Inexpensive, Durable Plastic Hands Let Robots Get a Grip

This rubber-jointed hand can pick up a telephone and use a drill

Video: Ian Chant and Celia Gorman; Footage: iRobot

The human hand is one of nature’s marvels—and a stupendous challenge to engineers who would replicate it. It’s an intricate assemblage with 29 flexible joints and thousands of specialized nerve endings, overseen by a control system so sensitive that it can instantly indicate how hot an object is, how smooth its surface is, and even how firmly it should be grasped.

No wonder, then, that creating robot hands with even a fraction of human capabilities has proved an elusive goal. But increasingly, researchers are concluding that copying nature is not the right approach in this case. The better idea is to decide which of the hand’s critical functions are to be emulated and how this can best be accomplished with the technologies now available.

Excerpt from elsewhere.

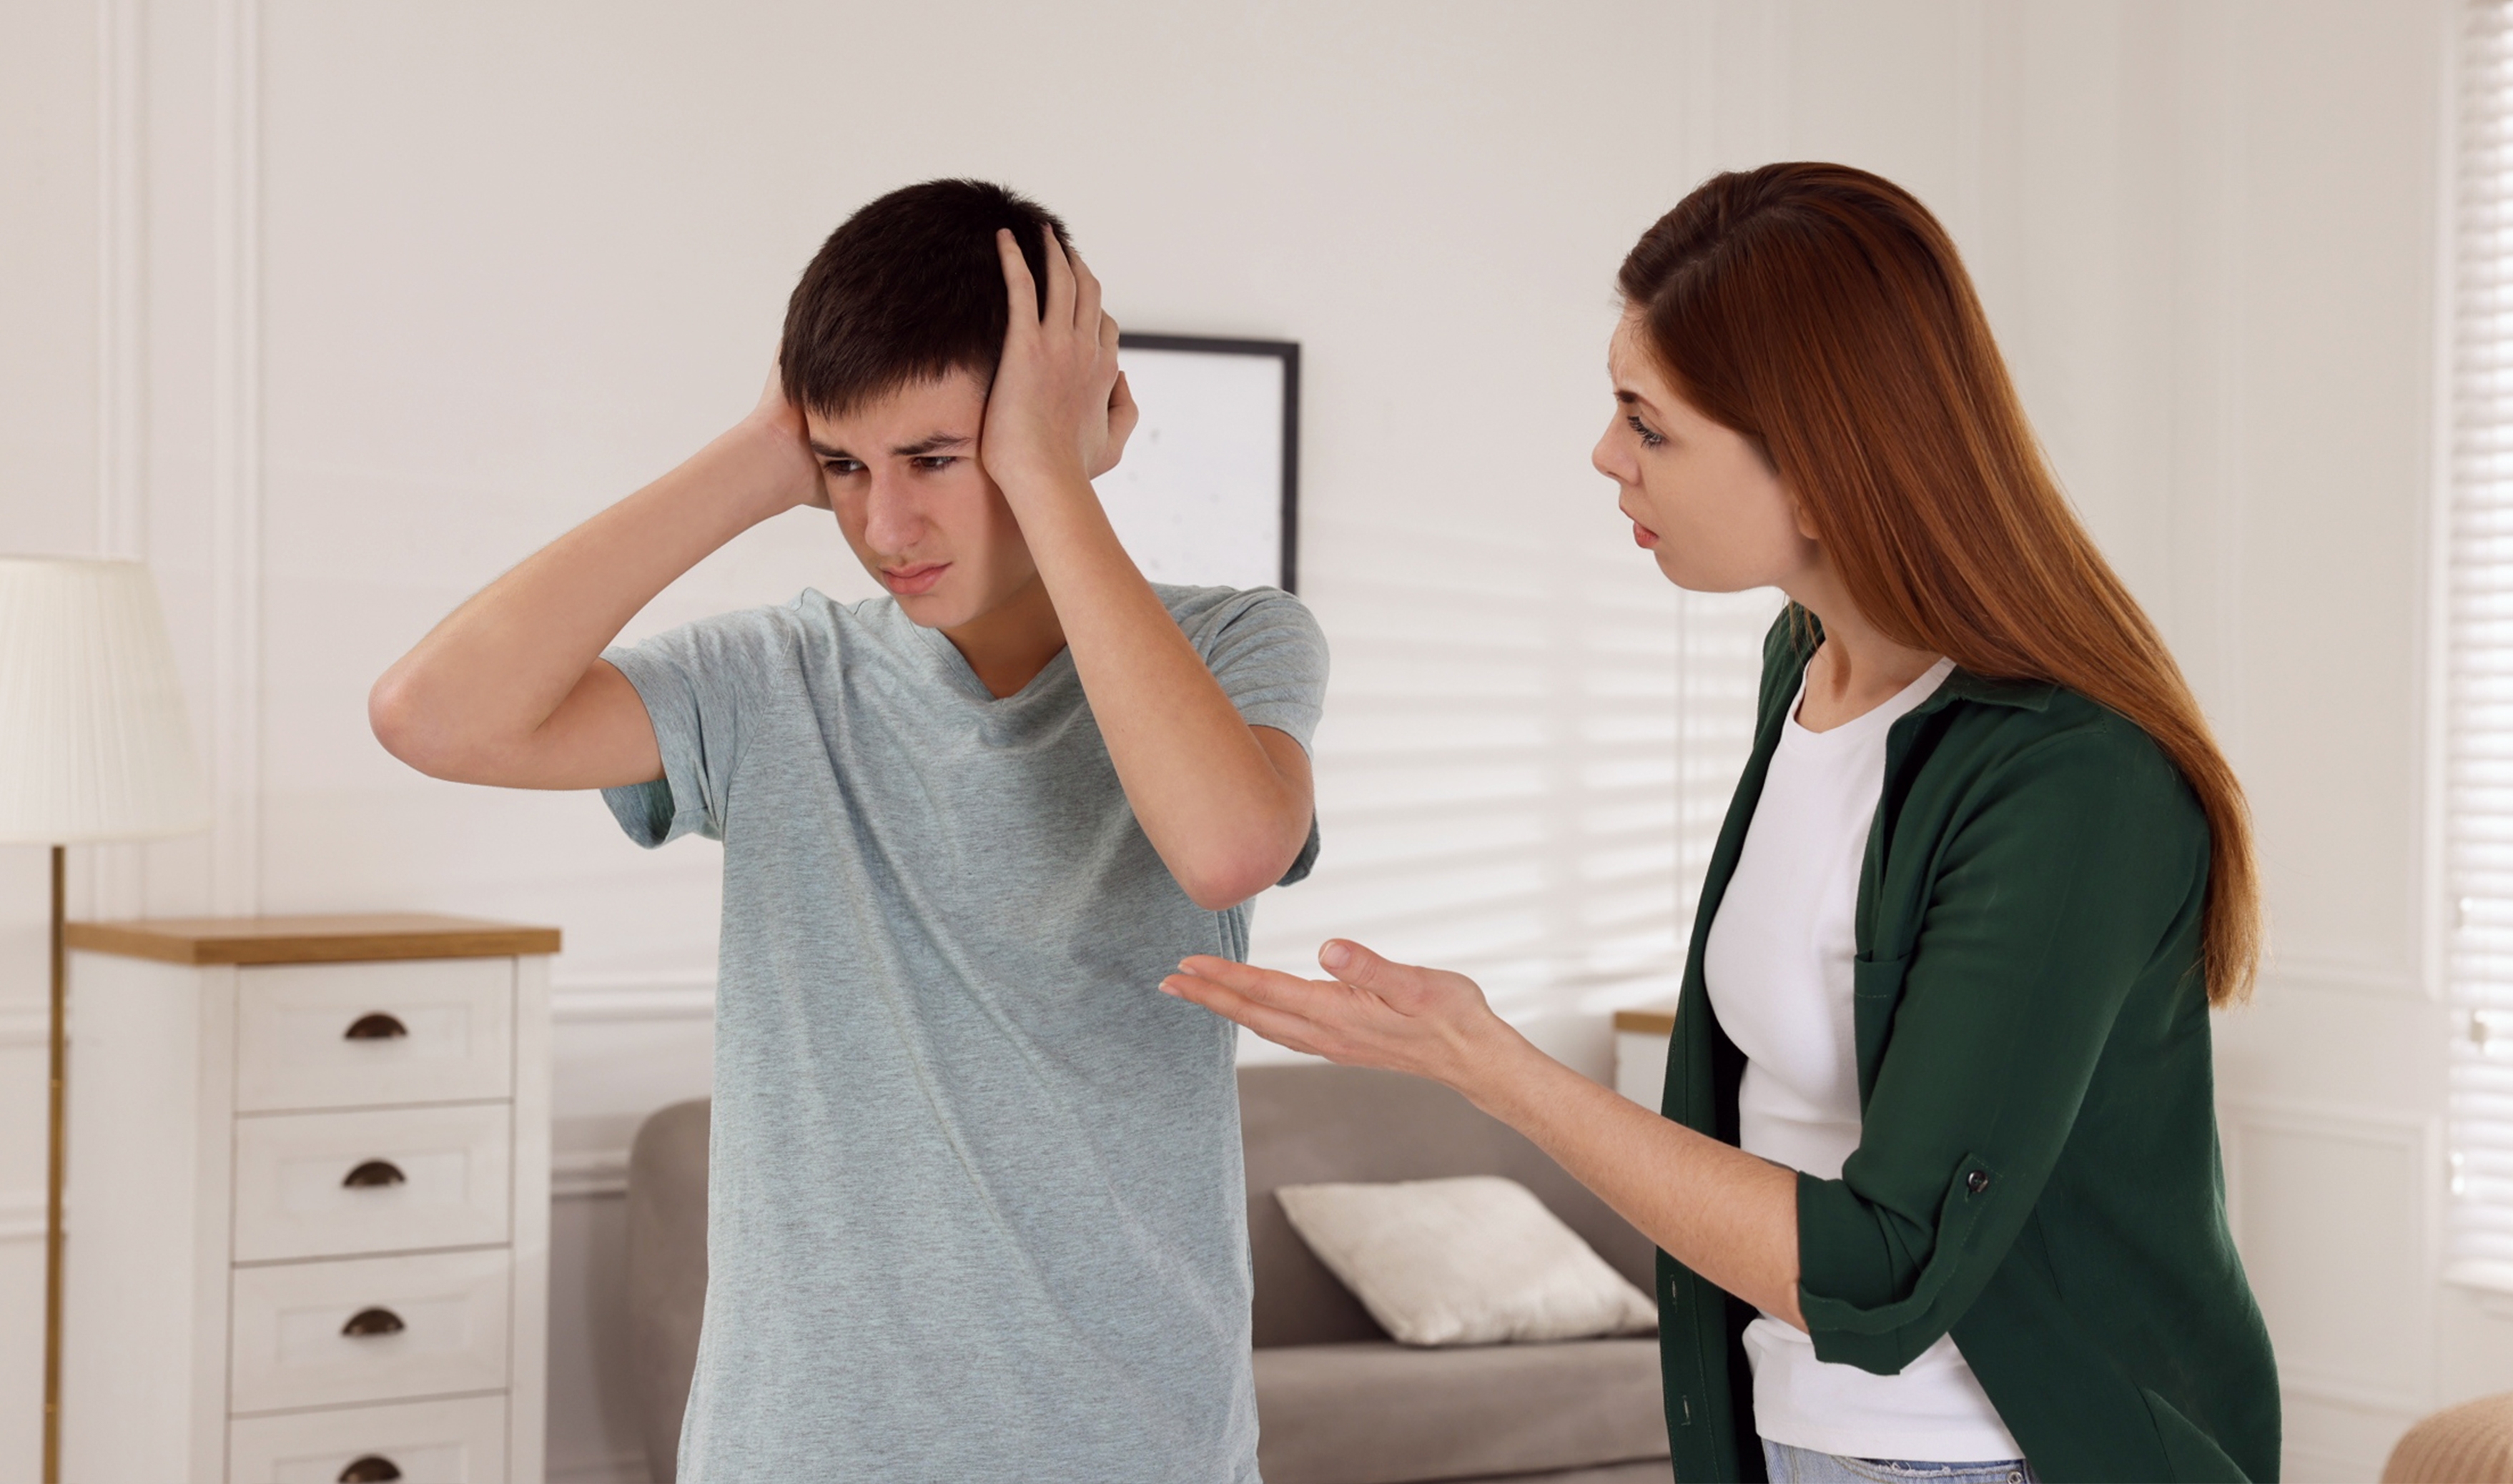 Un adolescent et sa mère en train de se disputer | Source : Shutterstock

Industrial robots have, of course, been manipulating objects for decades. But these generally employ simple parallel-jaw grippers that open and close on command to grasp, hold, or move a single type of object that they’ve been specifically programmed to handle. That inflexibility isn’t a problem on the assembly line, but it won’t suffice for future robots designed to interact with people in a much less structured environment.

Like many robotics researchers, we envision a new generation of robots roaming around residences, nursing homes, factories, and the like. These machines will be called on to brew coffee, deliver medications, and shuttle components around a shop floor. These functions will in turn demand many smaller capabilities. For example, opening a jar will require a robot to identify the size and shape of the object, grasp it effectively on the first try, and then apply enoughpressure and torque to open it—but not enough pressure to break it. To meet those needs, robot hands will need the flexibility to adapt to a huge variety of situations on the fly, as well as a gentler touch.

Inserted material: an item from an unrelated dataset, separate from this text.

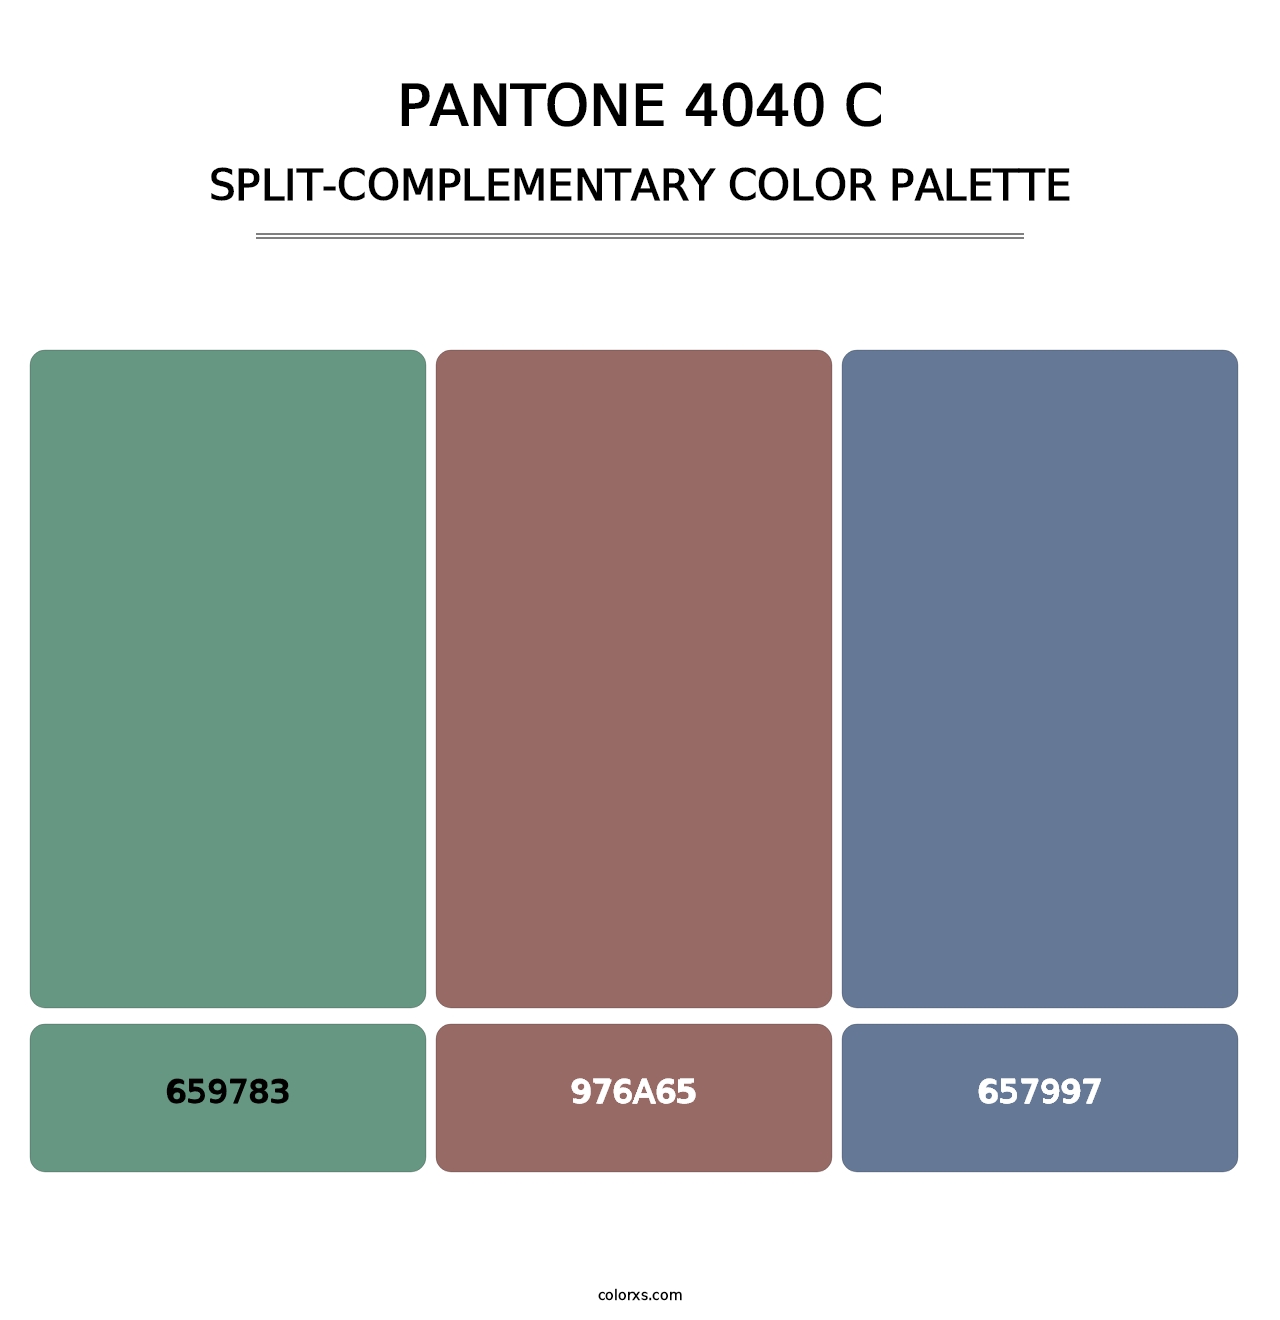 PANTONE 4040 C - Split-Complementary Color Palette

The quest for a versatile robot hand has produced designs that precisely mimic the human hand and others that look more like metal clamps. Two of us—Dollar at Yale and Howe at Harvard—have been working for almost a decade on a compromise between these two methods: hands that have some of the dexterity of human appendages but without their great complexity. The hands we’ve developed don’t look human, but they have proved adept at gripping and manipulating a wide variety of objects in many different settings and tasks.

We got a chance to find out just how adept at a competition sponsored by the Defense Advanced ResearchProjects Agency (DARPA) not long ago—the Autonomous Robotic Manipulation program. Inspired by the success of the agency’s Grand Challenge, which helped to spur innovation in the field of self-driving cars, DARPA asked teams to develop multifingered robotic hands that could complete a variety of tasks, like picking up a telephone handset or operating a power drill. After years of work, it was a chance for us, along with our colleagues at iRobot, to see how our design approach stacked up against those of other researchers.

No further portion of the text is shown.